How to Treat an Eczema Rash on Your Face

If something your face comes into contact with makes your skin angry, staying away from that trigger can help you feel better—but that’s not always easy. “Some triggers are more immediate and obvious to figure out, while other reactions can be more delayed and take 24 to 48 hours to occur,” says Dr. Gelfand. “Those can be more challenging to pinpoint.”

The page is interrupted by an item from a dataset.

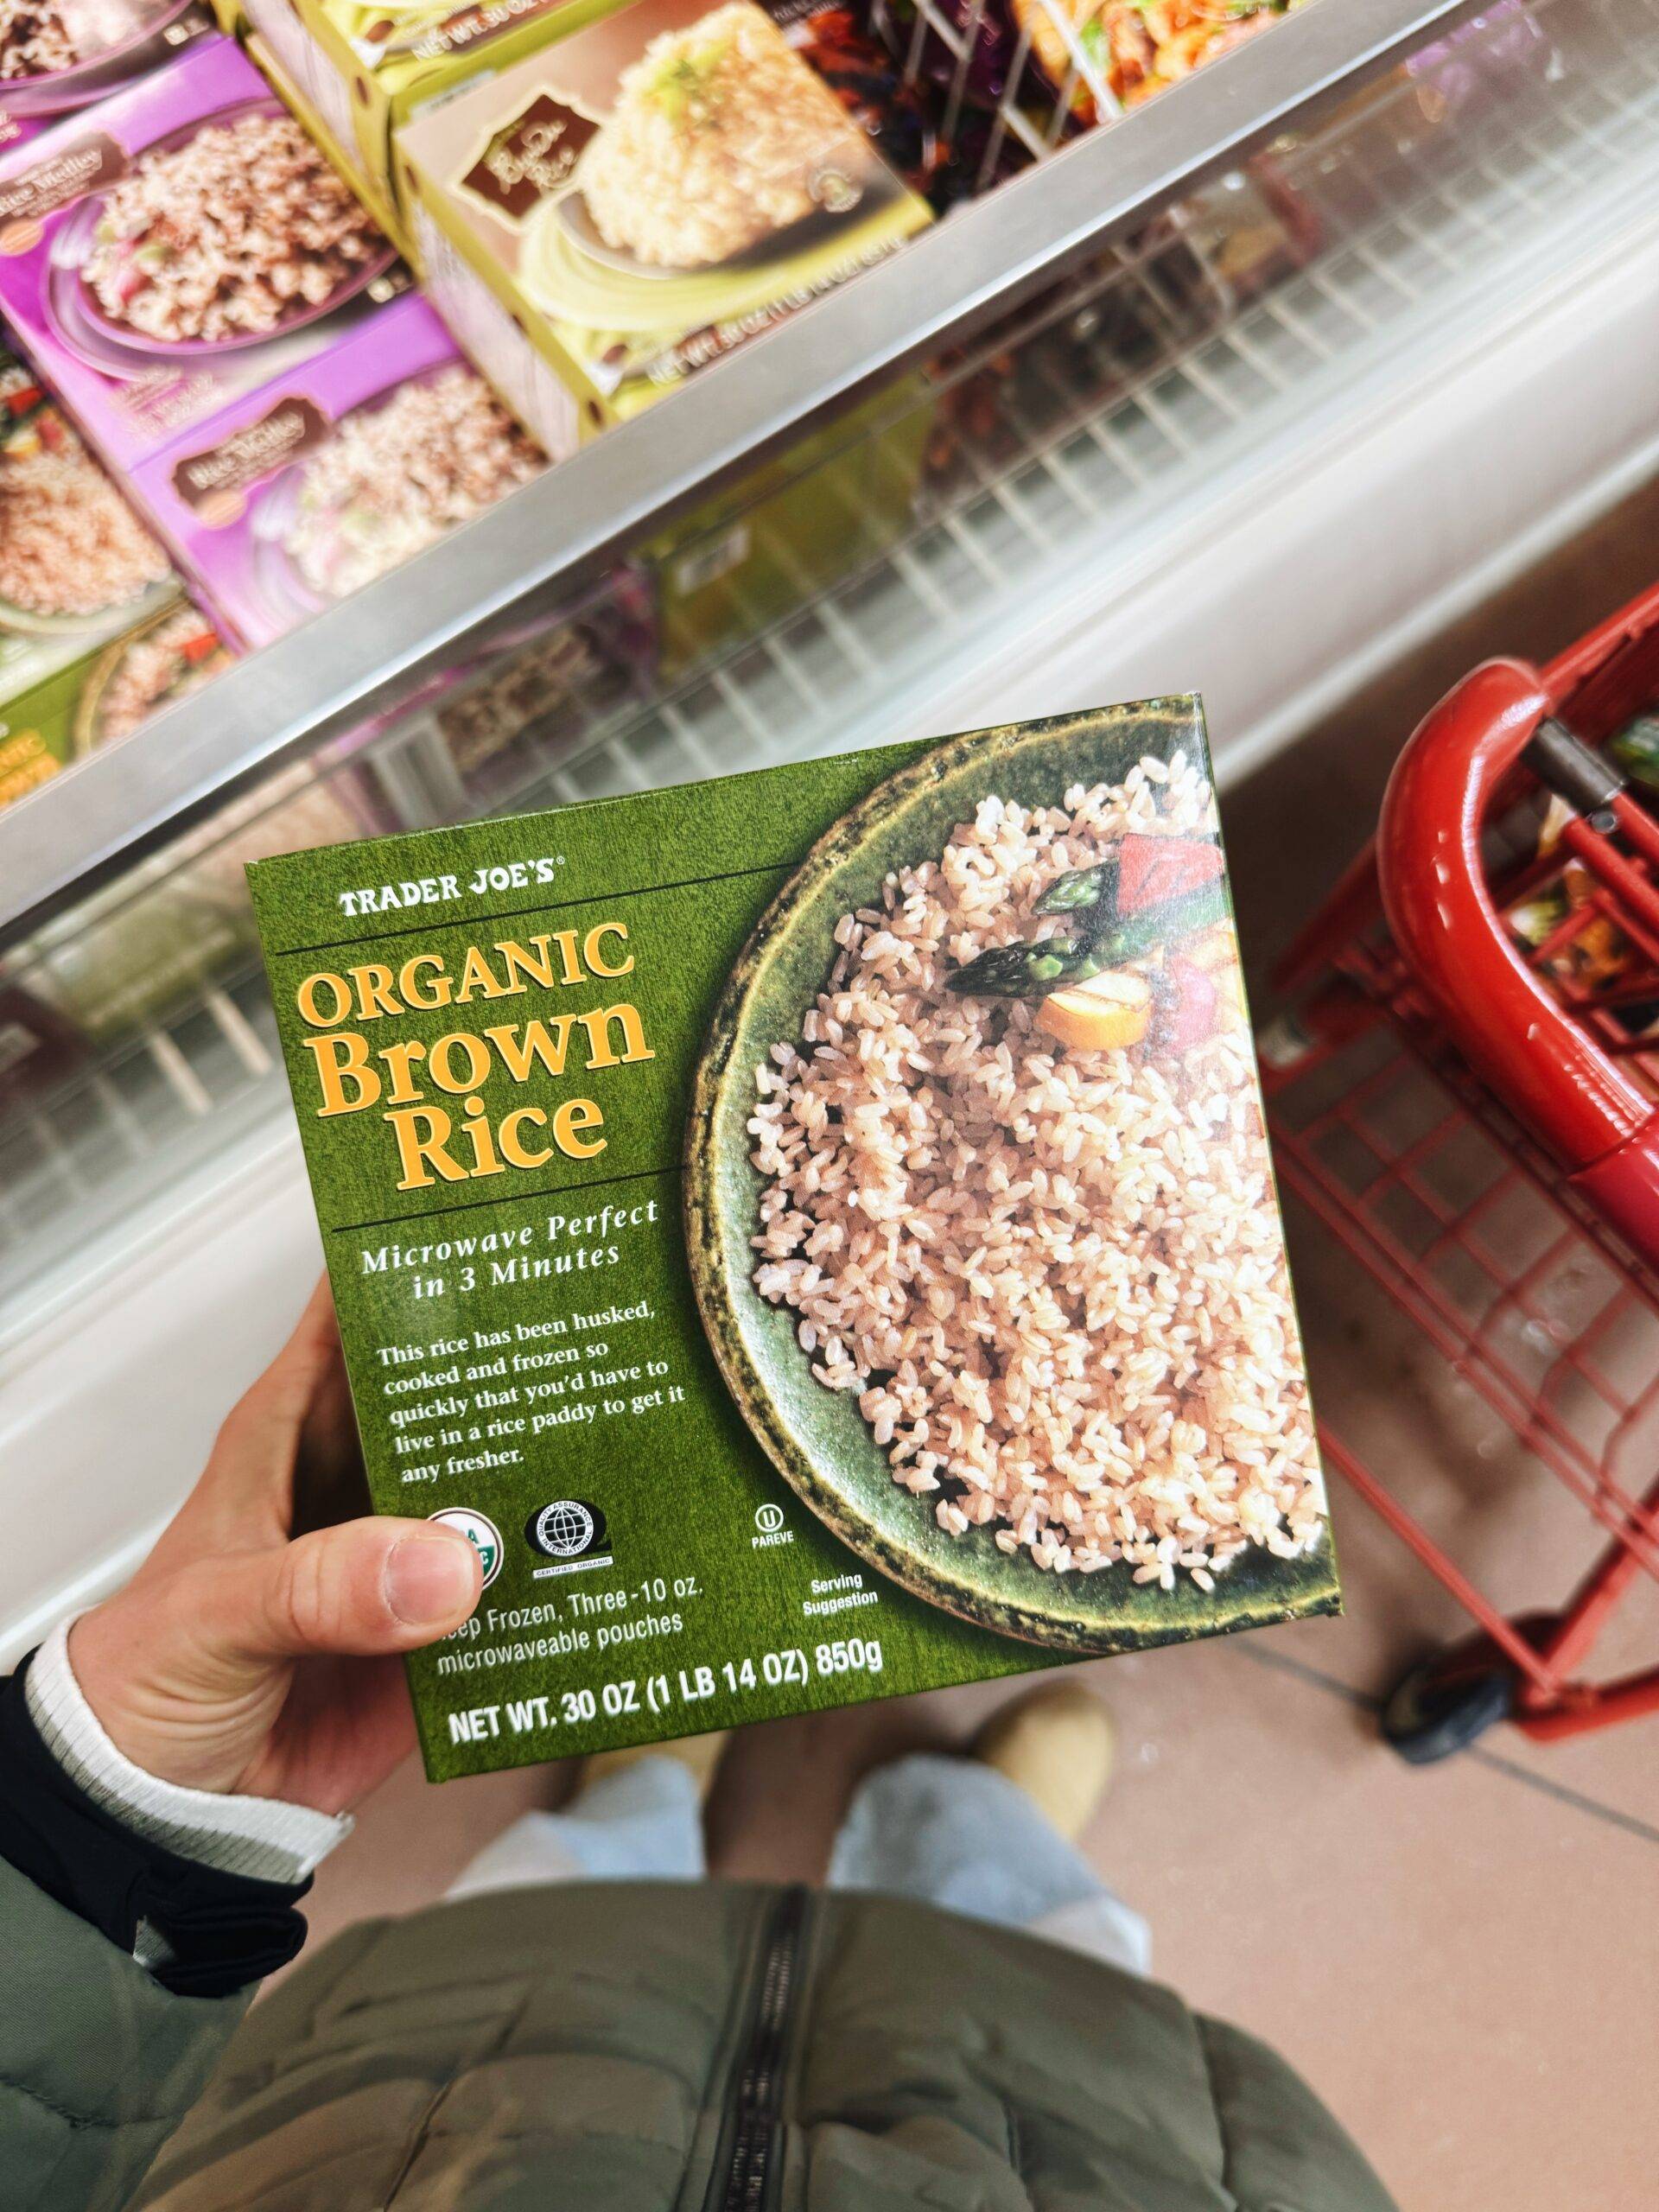 Microwaveable brown rice in a box.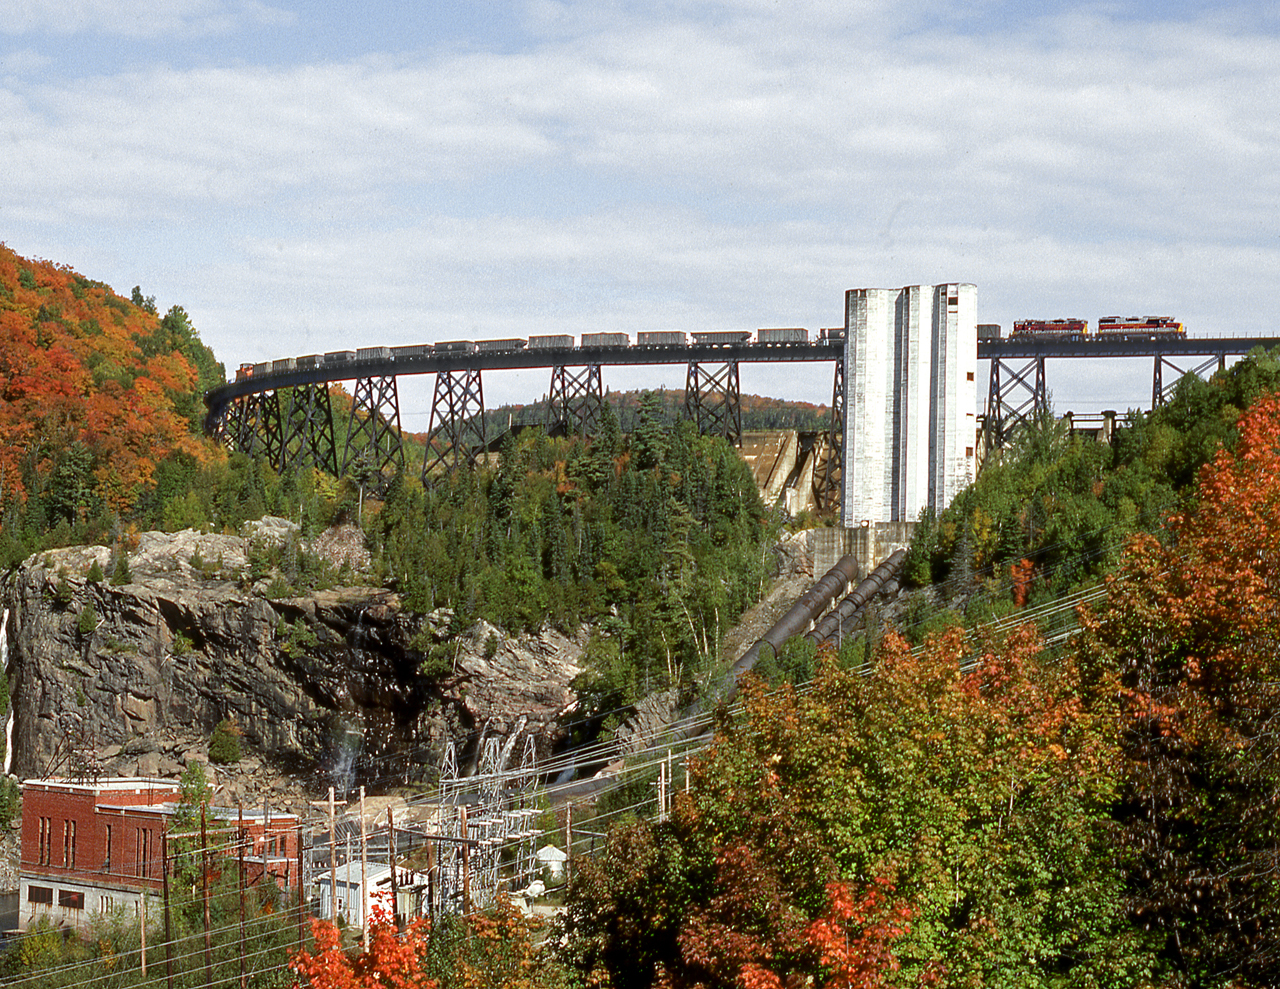 A southbound sinter train crosses the bridge over the hydro-electric dam on the Montreal River. A previous derailment backed tonnage up allowing for a rare daylight run of an ore train.

His recommendation: If your eczema acts up, think about what recently happened in the last day or two or what change you had to your routine that may have triggered it. Consider any skin products or laundry detergent you started using or perfumes you applied. This is a key way Dana Sellers, 41, manages her eczema, which pops up on her eyelids, under her eyes, around her nose, and on the bottom of her jaw. “Avoiding fragrance has been a big thing,” she says. “All of my skin care products are fragrance-free.” She’s also noticed a link between what she eats—especially dairy—and her flare-ups. “I’m not giving up ice cream and cheese because I love it. But I can’t overdo it.”

Bathe strategically.

Hot showers can suck all the moisture out of your skin, so keep your water on the lukewarm side and use soap that’s fragrance-free and hypoallergenic, Dr. Davis says. (Like Dove Sensitive Skin Bar Soap, eight for $11.) Once you’re clean, pat your face dry instead of rubbing it, and slather on an eczema-friendly cream to help hold in the water.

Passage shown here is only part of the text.